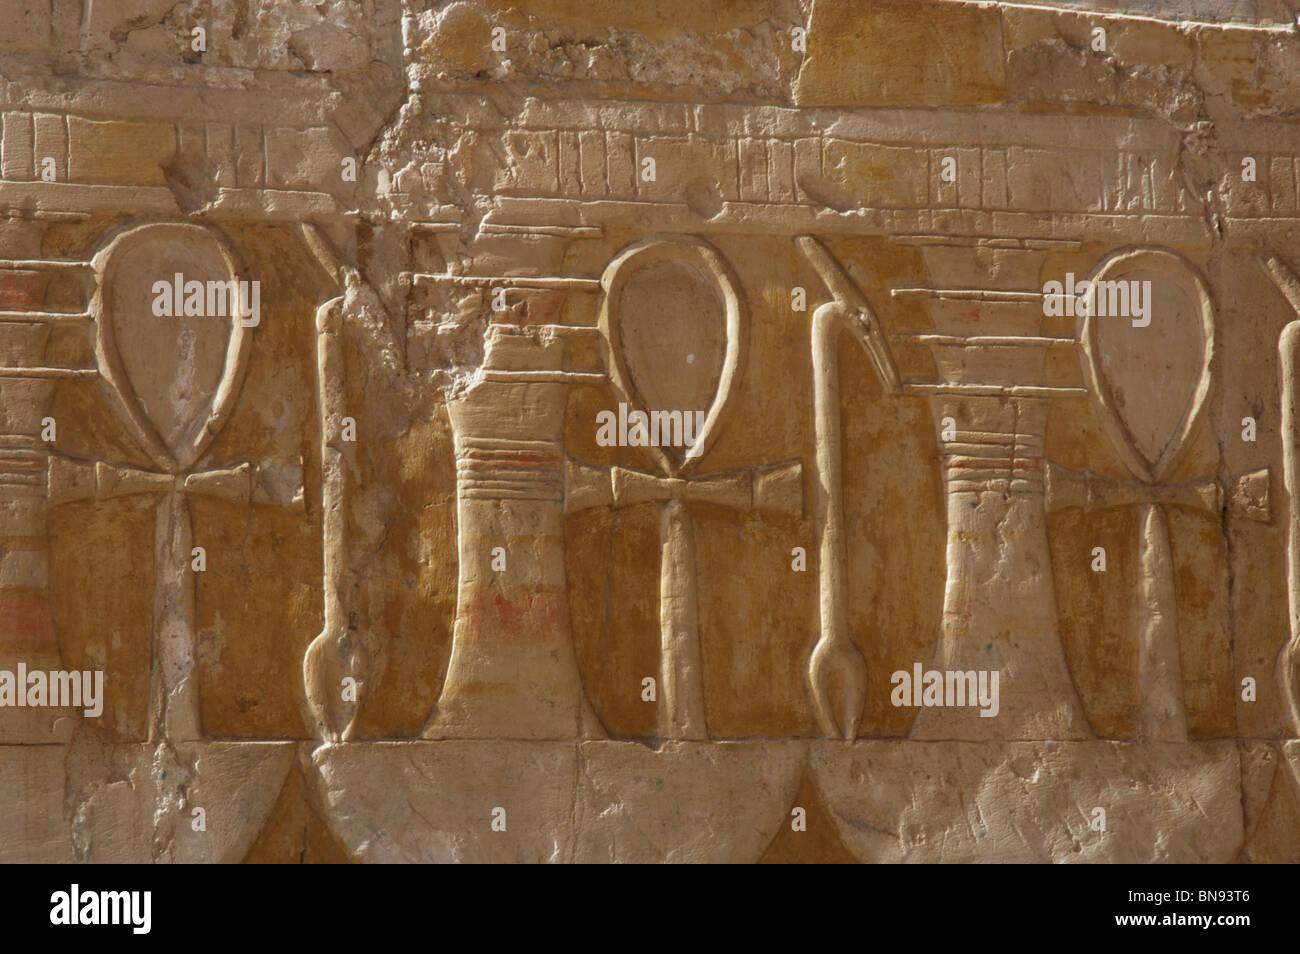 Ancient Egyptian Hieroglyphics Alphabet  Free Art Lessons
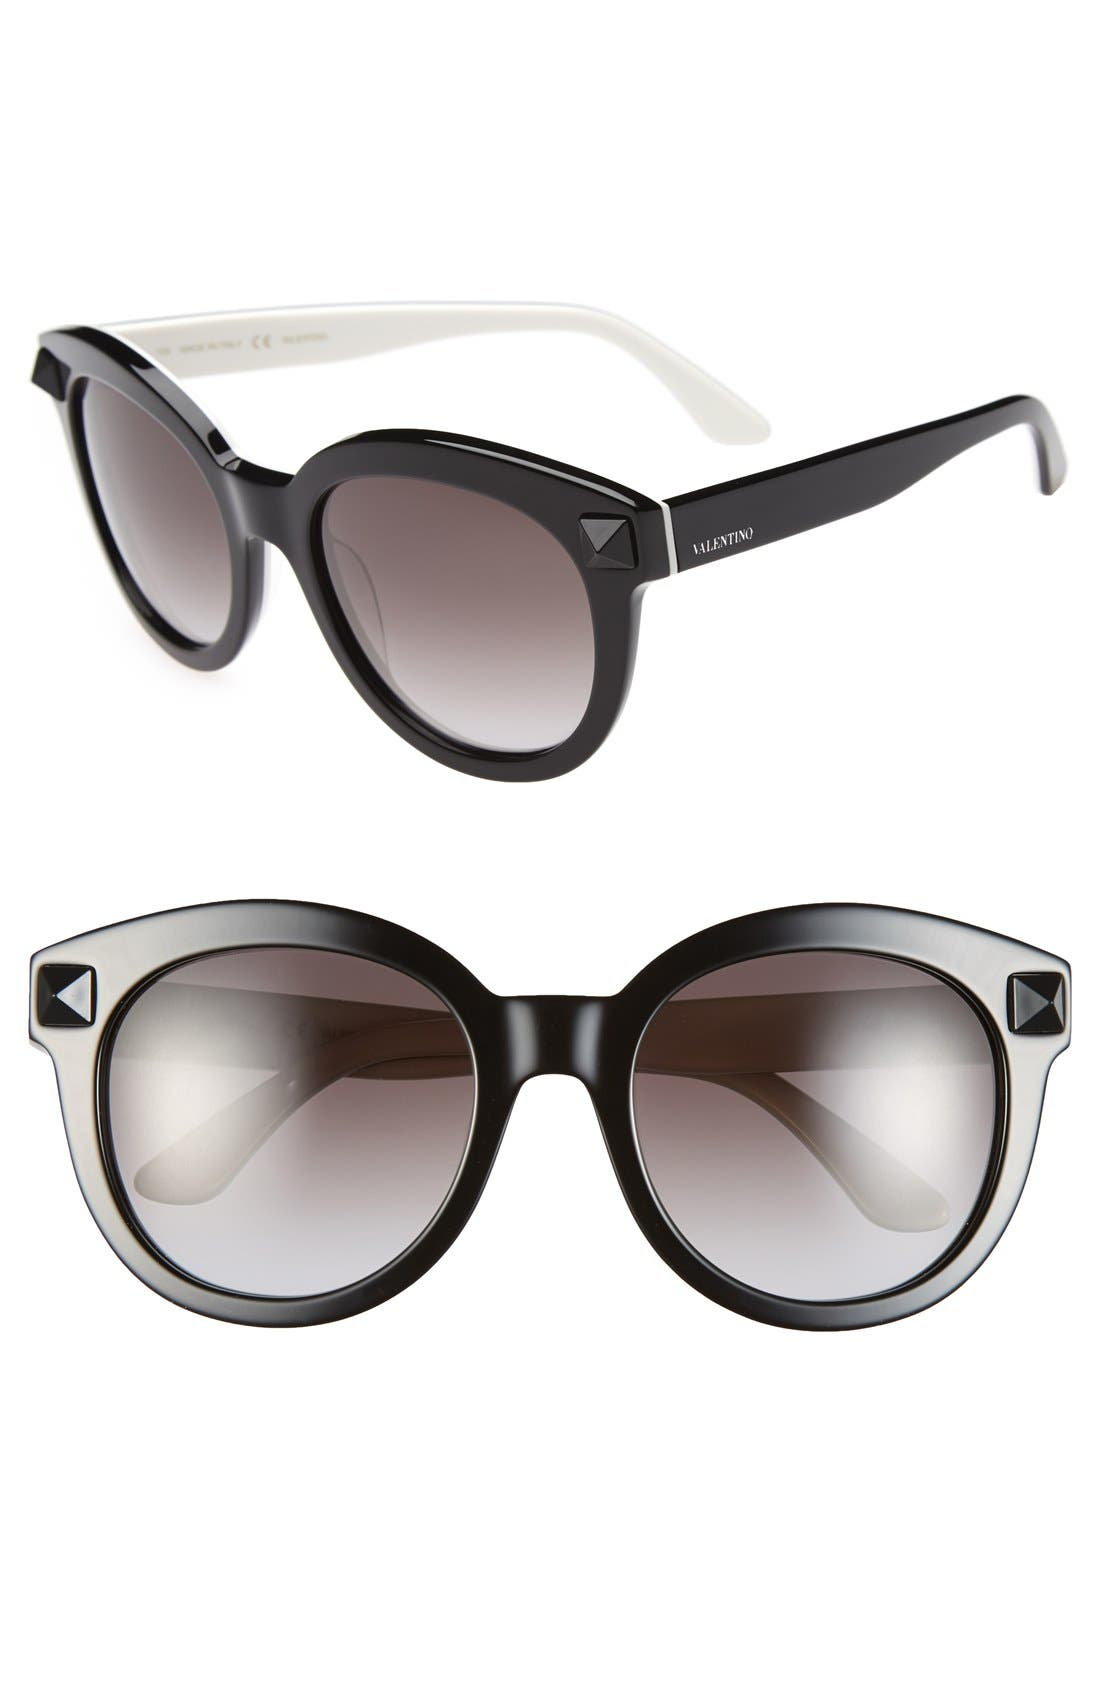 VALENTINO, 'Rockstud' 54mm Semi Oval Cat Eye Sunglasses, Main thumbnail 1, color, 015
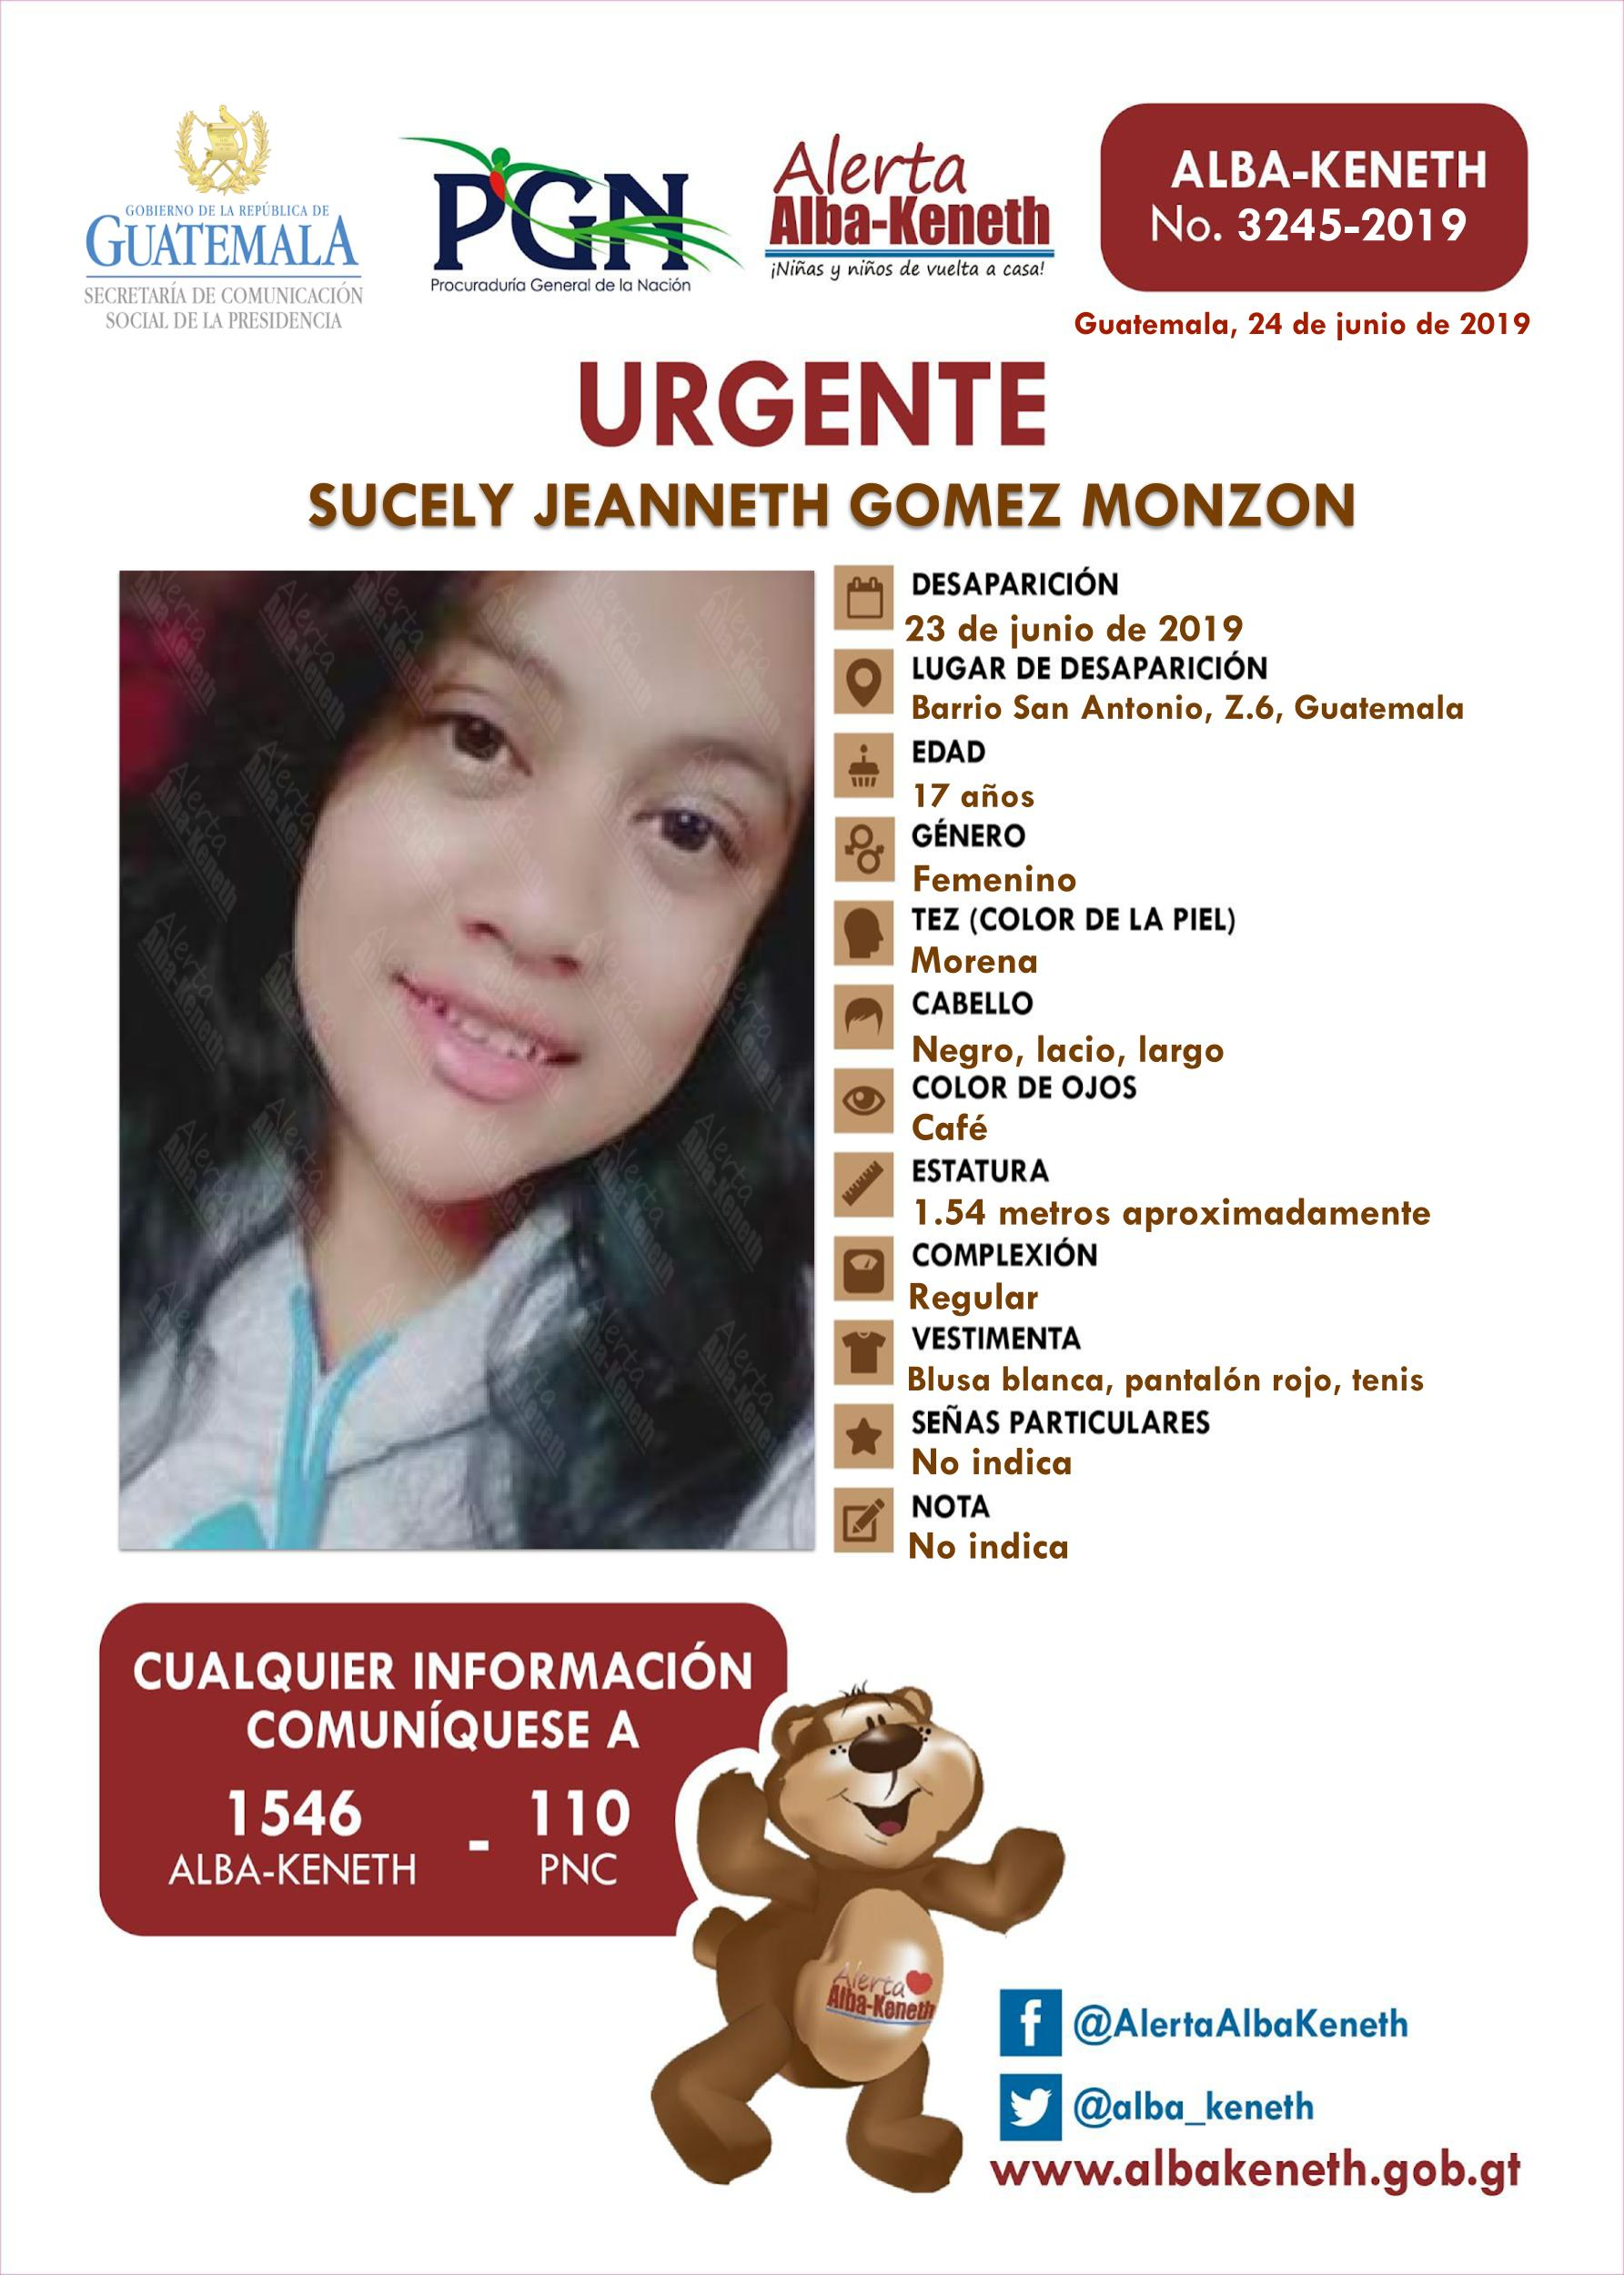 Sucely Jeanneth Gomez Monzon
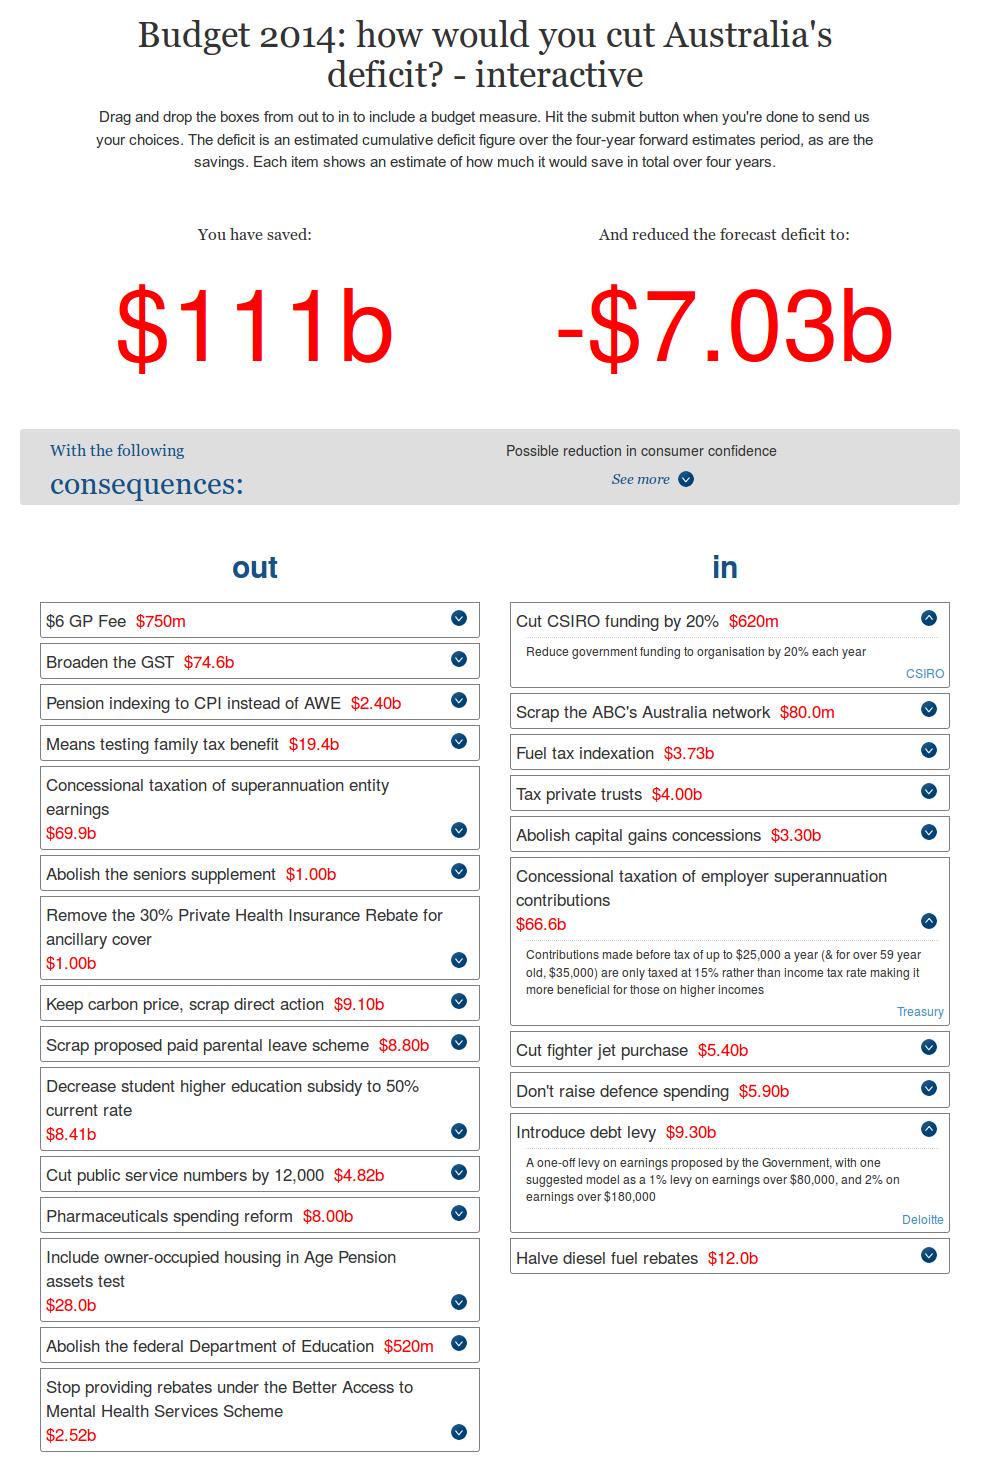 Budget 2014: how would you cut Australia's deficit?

ASSIGNMENT →
Please return exactly the lines from the one containing "Sucely Jeanneth Gomez Monzon" through the end of the material above, both ends included, but not the pictures.

FINISHED TASK →
 Sucely Jeanneth Gomez Monzon
 Budget 2014: how would you cut Australia's deficit?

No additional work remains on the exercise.